# Snapper in the Bay



## HeloGuy (Feb 24, 2008)

I know its not Snapper season yet. I hooked into a 21in Red Snapper in the Bay


----------



## JoshH (Sep 28, 2007)

Watch your hand!!! they aren't called snapper for no reason oke


----------



## Private Pilot (Oct 3, 2007)

Not bad:clap


----------



## true-king (Oct 2, 2007)

HMMM, since snapper are extinct and aren't even on the wrecks, I'm calling BS...oke


----------



## flyingfishr (Oct 3, 2007)

I've got a new train of thought on these "snapper" as they are being called. If they are in fact extinct could it be assumed that an introduction of them into these waters could be viewed as an introduction of an invasive species? If this could be assumed, it is my understanding that invasive species have no season or daily bag limit, ultimately making them fair game. Just a mindless thought I suppose.


----------



## [email protected] (Oct 4, 2007)

that was my hand on that snapper, no worries i have lots of pain meds in me.:letsdrink i think they should do there snapper study in the bay.


----------



## lobsterman (Sep 30, 2007)

to the forum and congratulations on the ever endangered Red Snapper


----------



## konz (Oct 1, 2007)

Nice job Charles. Awesome snapper for the bay


----------



## Wharf Rat (Sep 27, 2007)

I think these rare Red Snapper have evolved into a whole new species which is highly populas in these here waters...it must be the Orangeish Snapper. Guess that means they fall under the regs for snapper-other: 12" and 10 a day!


----------



## parrothead (Oct 1, 2007)

Nice snapper !!!!!!!!!!!! Welcome aboard :letsdrink

:letsdrinkScott


----------



## fishmasterseven (Oct 6, 2007)

not a bad way to go for a first post.....great job!!!


----------



## CAPT. PAUL REDMAN (Oct 3, 2007)

> *HeloGuy (2/26/2008)*I know its not Snapper season yet. I hooked into a 21in Red Snapper in the Bay


Is there anyway I can use the picture and get a detailed statement about,where, when,depth etc. etc.

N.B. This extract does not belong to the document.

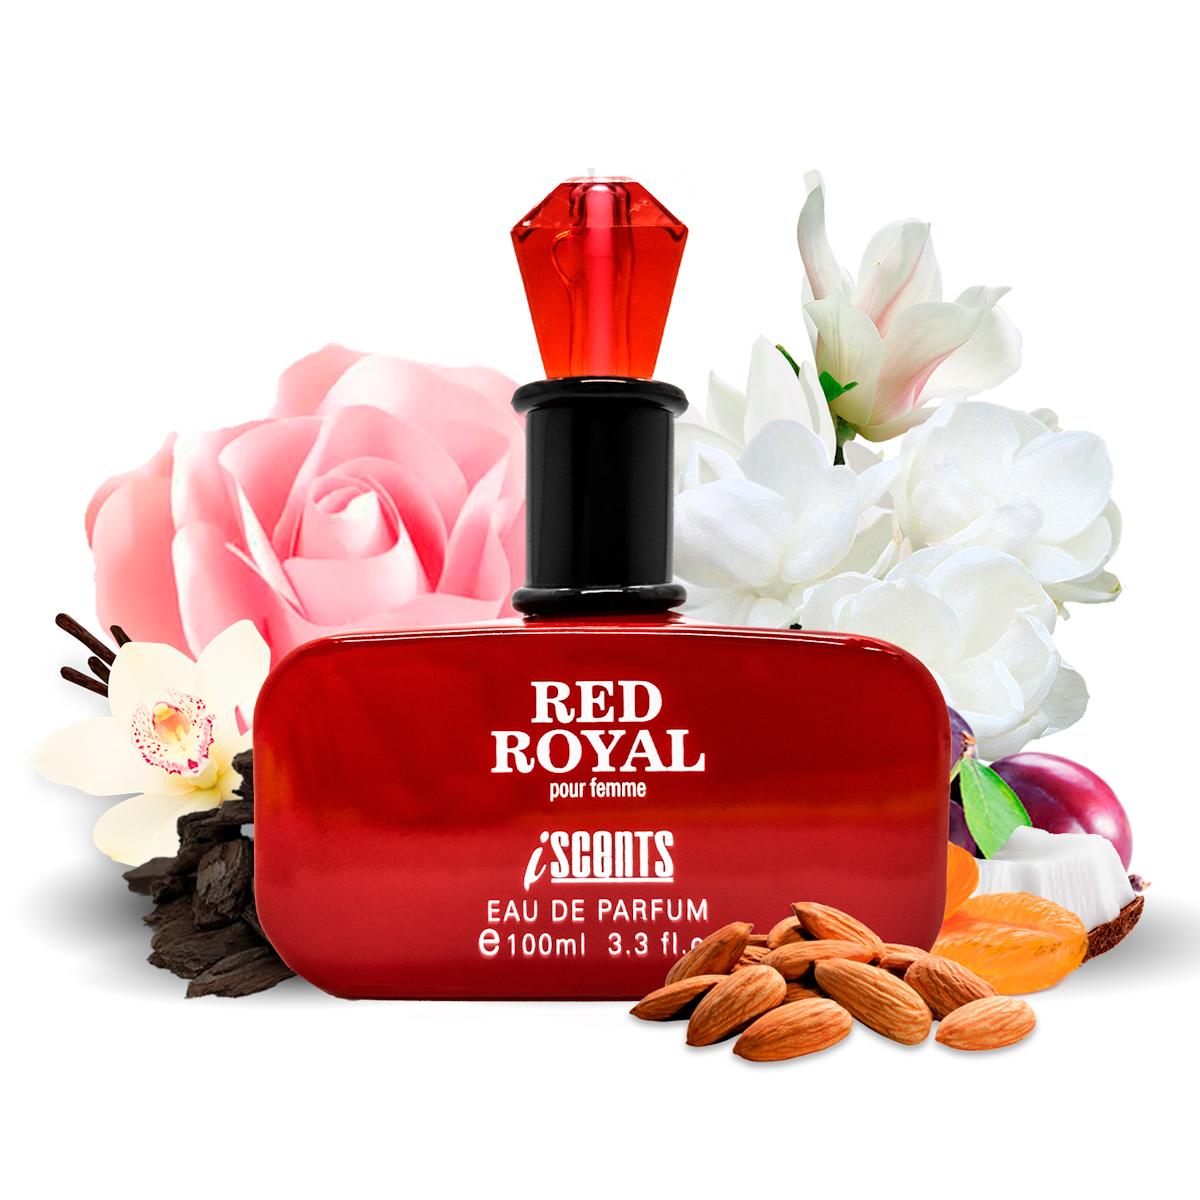 Kit 2 Perfumes Importados Red Royal e Dublin I Scents

Also if any of you have rare Red Snapper encounters in unuasual places and can take a picture with something in the background to verify your approximate location we could really use them, not that catching snapper in the bay is unusual but there is not alot of physical evidence other than hear say.I think it will really help.

Thanks


----------



## dan ros (Nov 6, 2007)

nice fish...

i like the orange snapper approach!



as far as experimentation goes...i think it would be productive to experiment with various reactions between the specimen and say...butter! add heat, a little salt, pepper and lemon juice to this experiment...mmmm mm. the quest for knowledge rarely tastes this good!

you'll have to get past your conscience though....those ARE endangered you know! lol.


----------



## todd in the bay (Oct 3, 2007)

Did someone say "RARE" red snapper? Little 'uns are all over 3 mile bridge...


----------